Considerations: As PsInvertedFunctionTable is not exported, one must first locate it in order to patch it (this is considered possible as many exported routines reference it in an obvious, patterned way, such as RtlLookupFunctionEntry. Also, although the structure is guarded by a non-exported synchronization mechanism (PsLoadedModuleSpinLock in Windows Server 2008), the first few entries corresponding to the HAL and the kernel in-memory image itself should be static and safely accessible without synchronization (after all, neither the HAL nor the kernel in-memory image may be unloaded after the system has booted). It should be possible to perform an interlocked exchange to swap the exception directory pointer, provided that the exception directory shall not be modified in a fashion that would require synchronization (e.g. only appended to) after the exchange is made. The size of the exception directory is supplied as a separate value in the inverted function table entry array and would need to be modified separately, which may pose a synchronization problem if alterations to the exception directory are not carefully planned to be safe in all possible contingencies with respect to concurrent access as the alterations are made. Additionally, due to the 32-bit RVA based format of the unwind metadata, all exception handlers for a module must be within 4GB of that module's loaded base address. This means that custom exception handlers need to be located within a ``window'' of memory that is relatively near to a module. Allocating memory at a specific base address involves additional work as the memory cannot be in an arbitrary point in the address space, but within 4GB of the target. If a caller can query the address space and request allocations based at a particular region, however, this is not seen as a particular unsurmountable problem.

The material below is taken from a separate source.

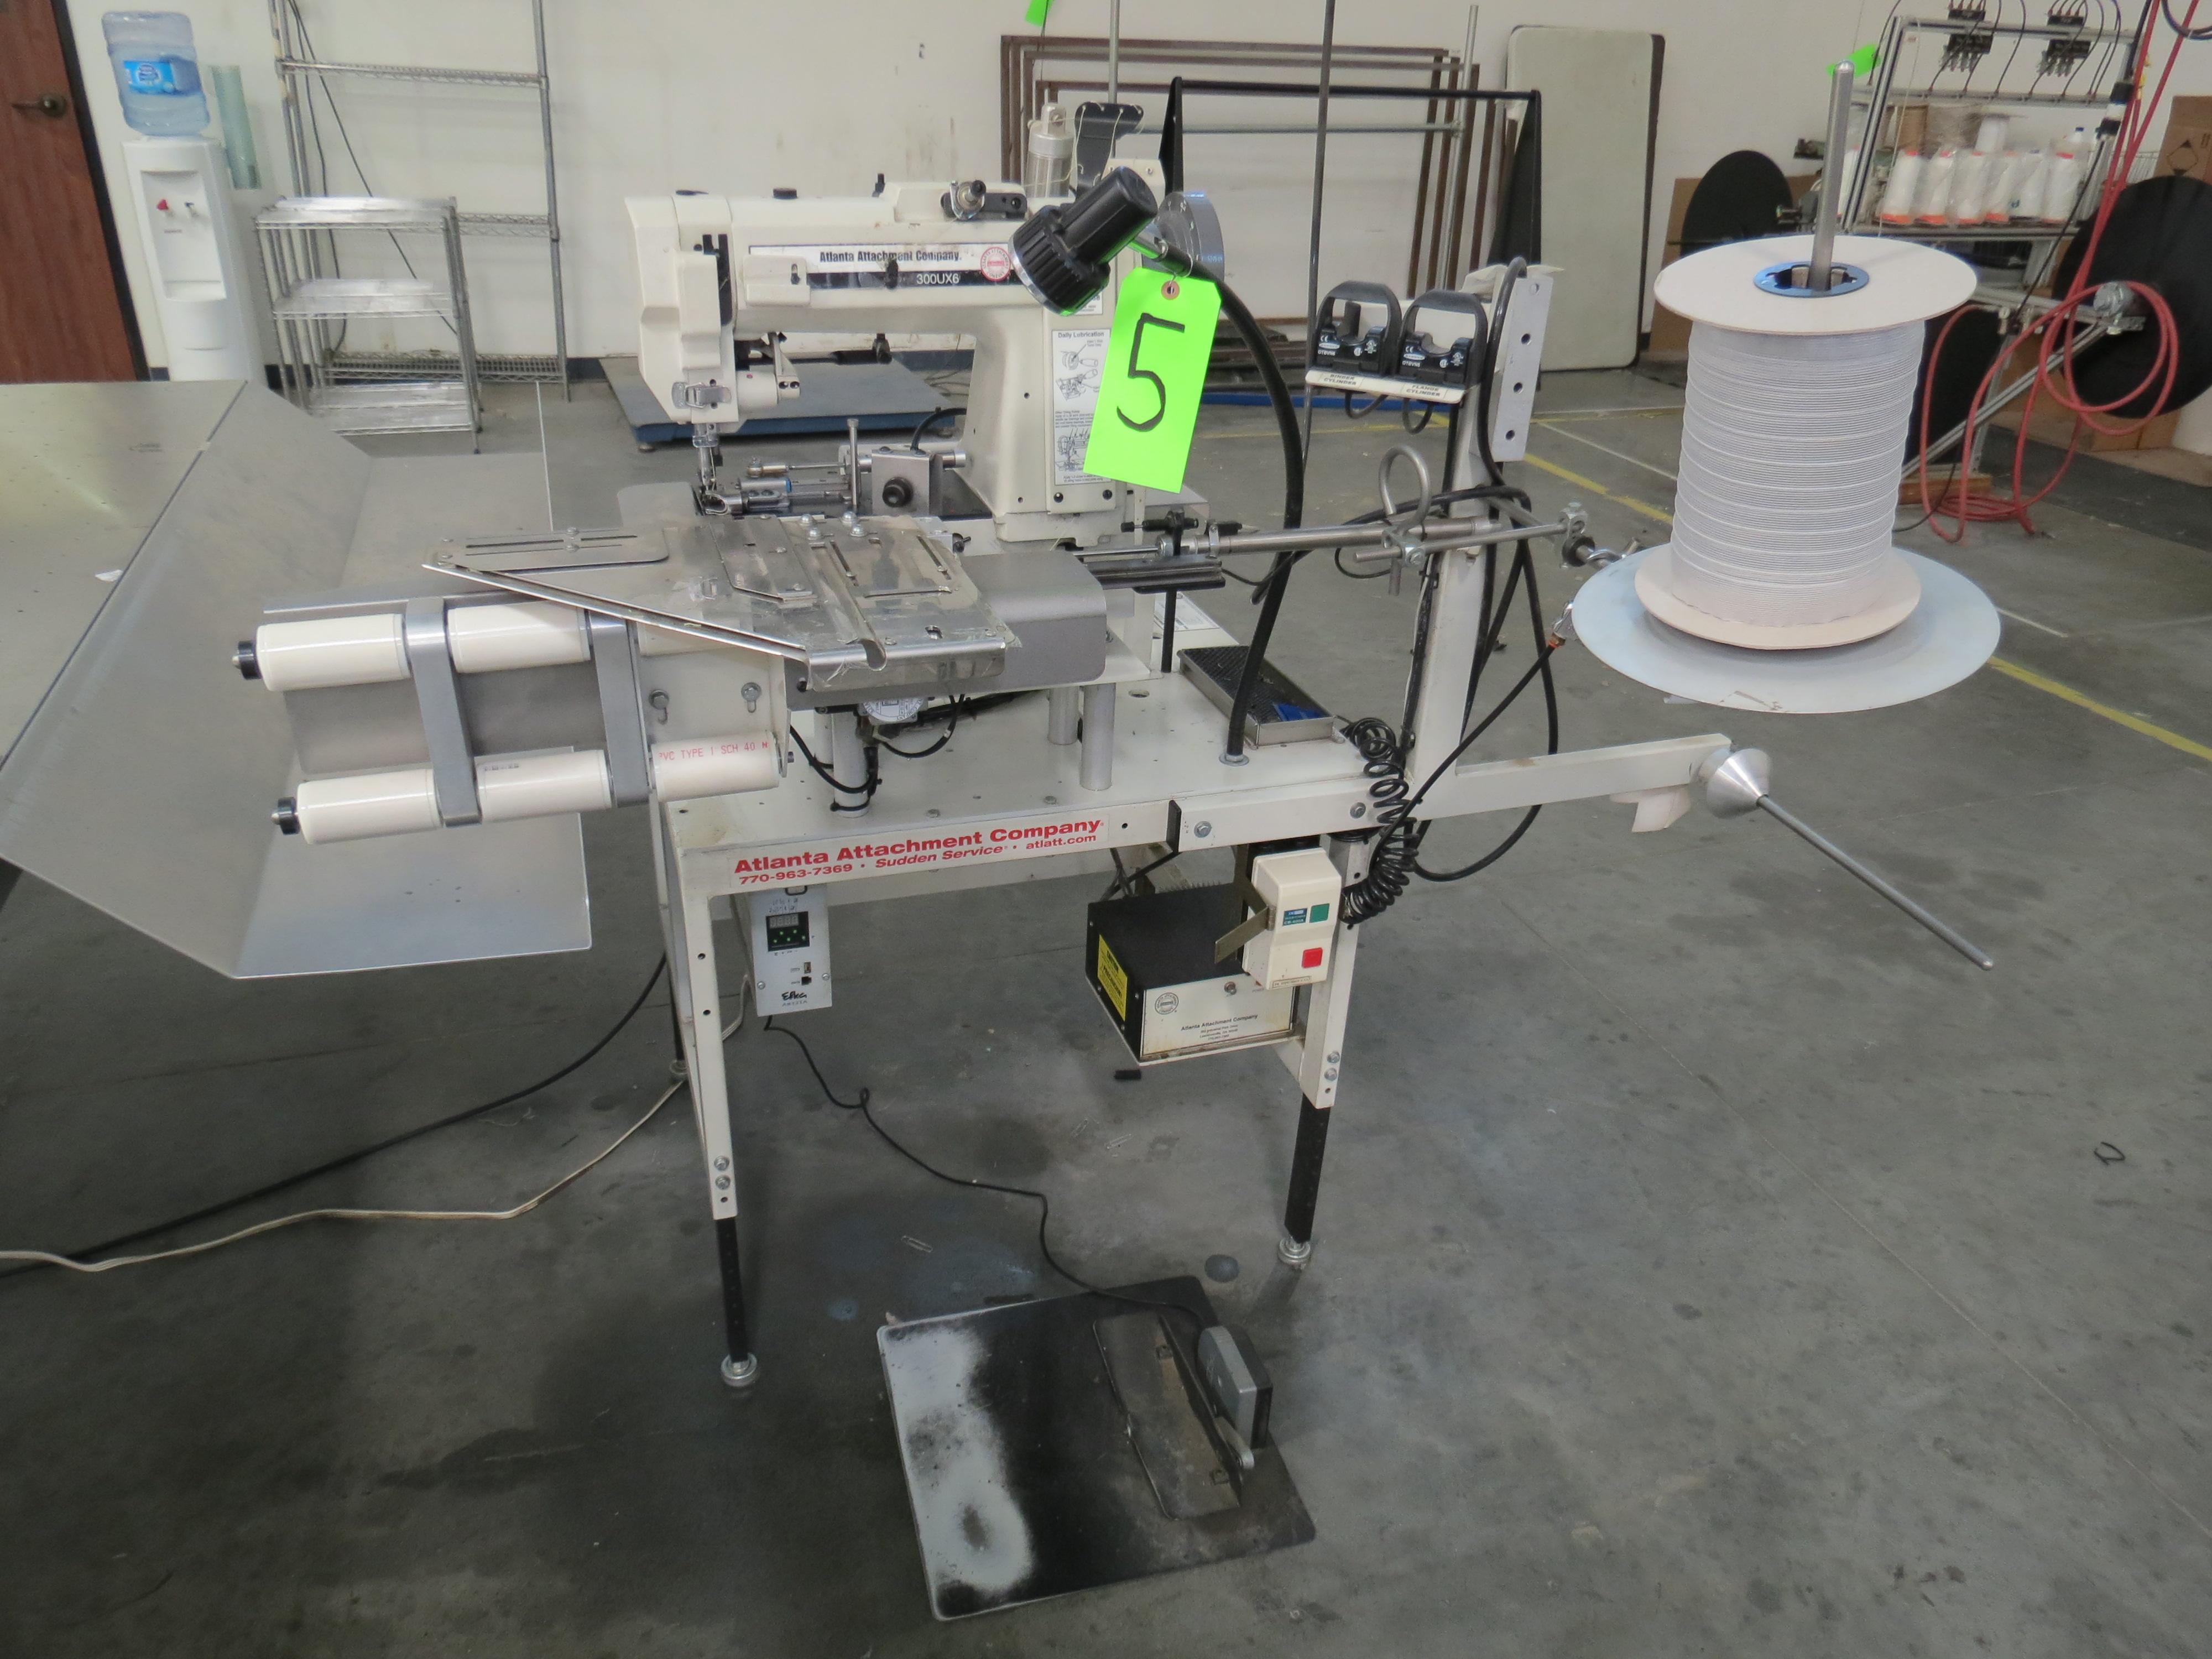 Atlanta Attachment Company 1339HFSHalf-Cap Sewing Machine, SN:209226071617, 220V, AAC 300UX6, (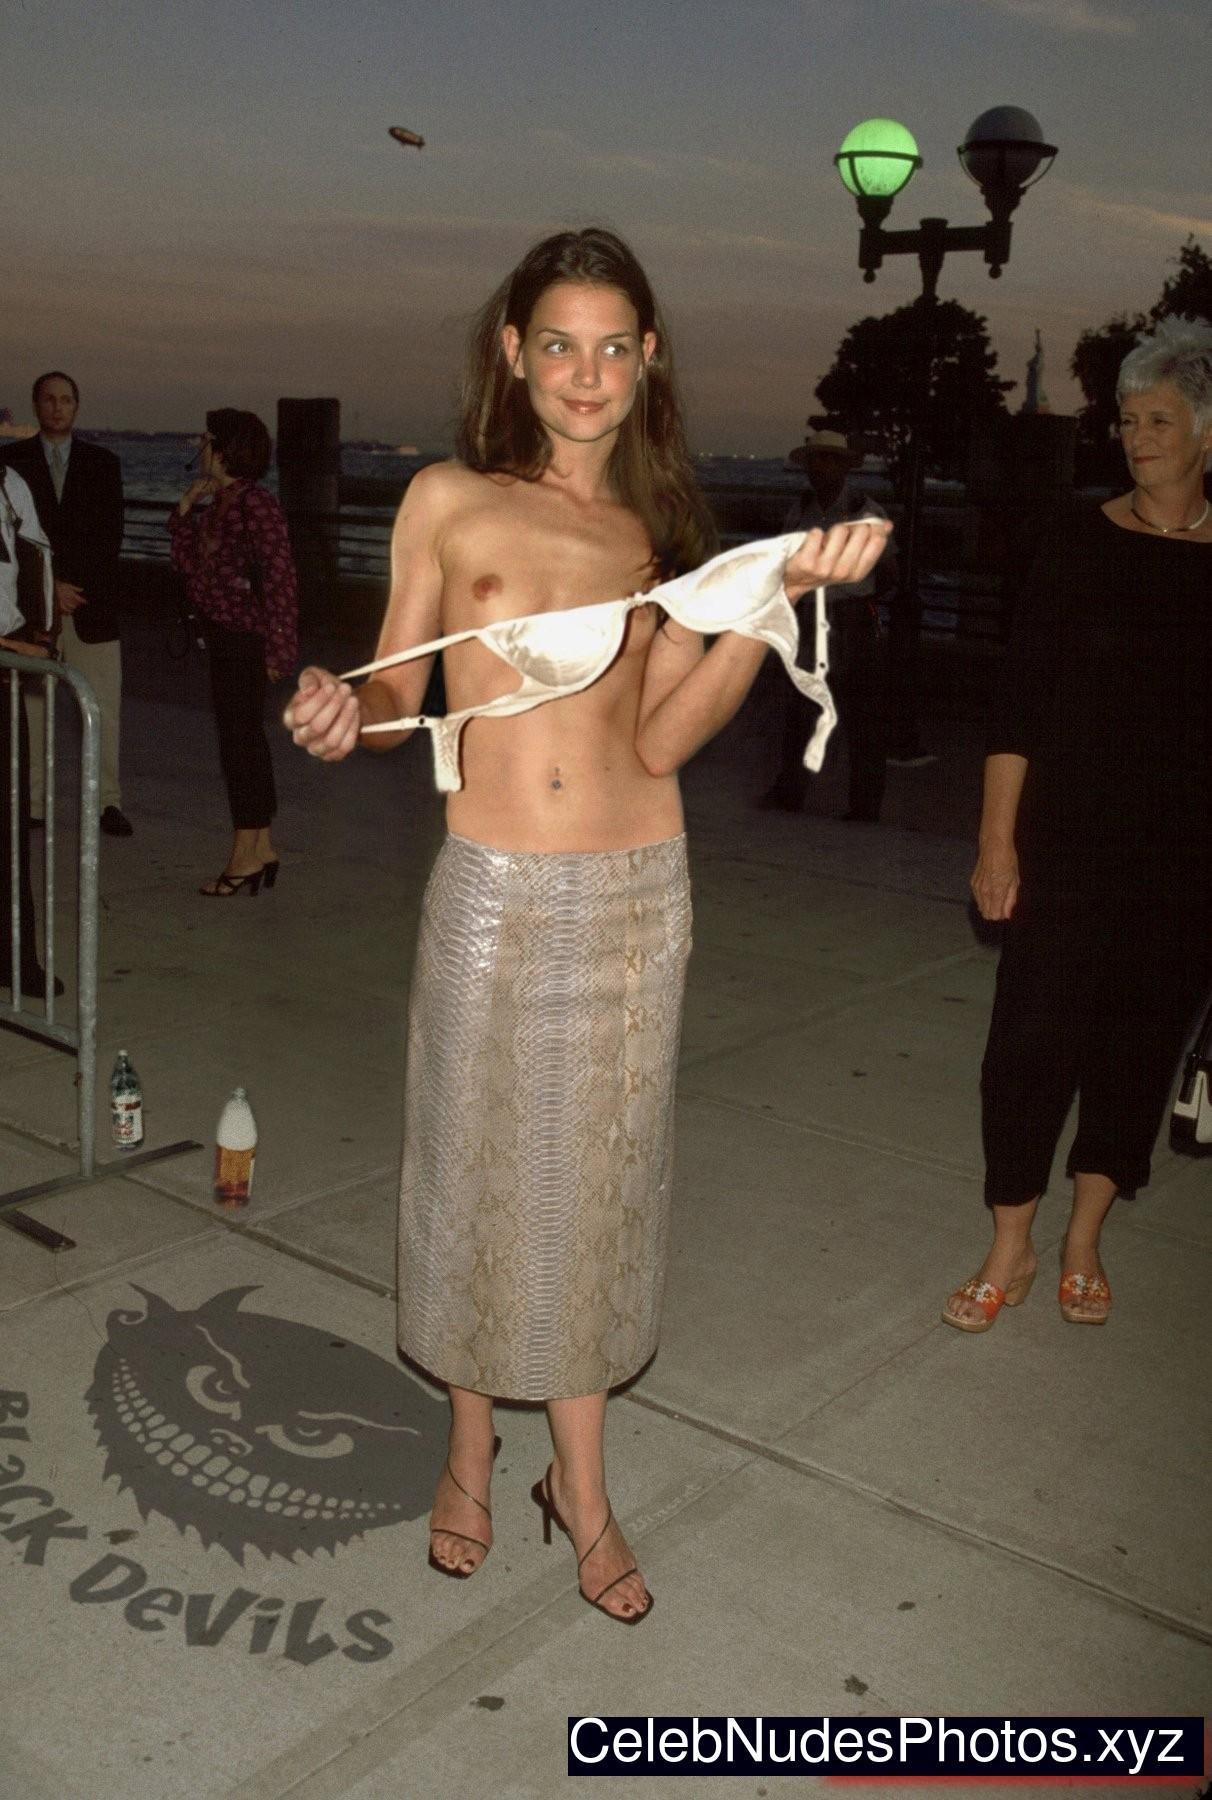 Mimi macphearson sex tape

Covertness: The principal advantage of this approach is that it allows a caller to gain control at any point within a module's execution where an exception is generated without modifying any code or data within the module in question (provided the module is cached within PsInvertedFunctionTable). Because the exception directory information for a module is unused after the cache is populated, integrity checks against the PE header are useless for detecting the alteration of exception handling behavior for a cached module. Additionally, PsInvertedFunctionTable is a non-exported, writable kernel-mode global which affords it some intrinsic protection against simple detection techniques. A scan of the loaded module list and comparison of exception directory pointers to those contained within PsInvertedFunctionTable could reveal most attacks of this nature, however, provided that the loaded module list retains integrity. Additionally, PatchGuard version 3 appears to guard key portions of PsInvertedFunctionTable (e.g. to block redirection of the kernel's exception directory), resulting in a need to bypass PatchGuard for long-term exploitation on Windows x64 based systems. This is considered a relatively minor difficulty by the authors.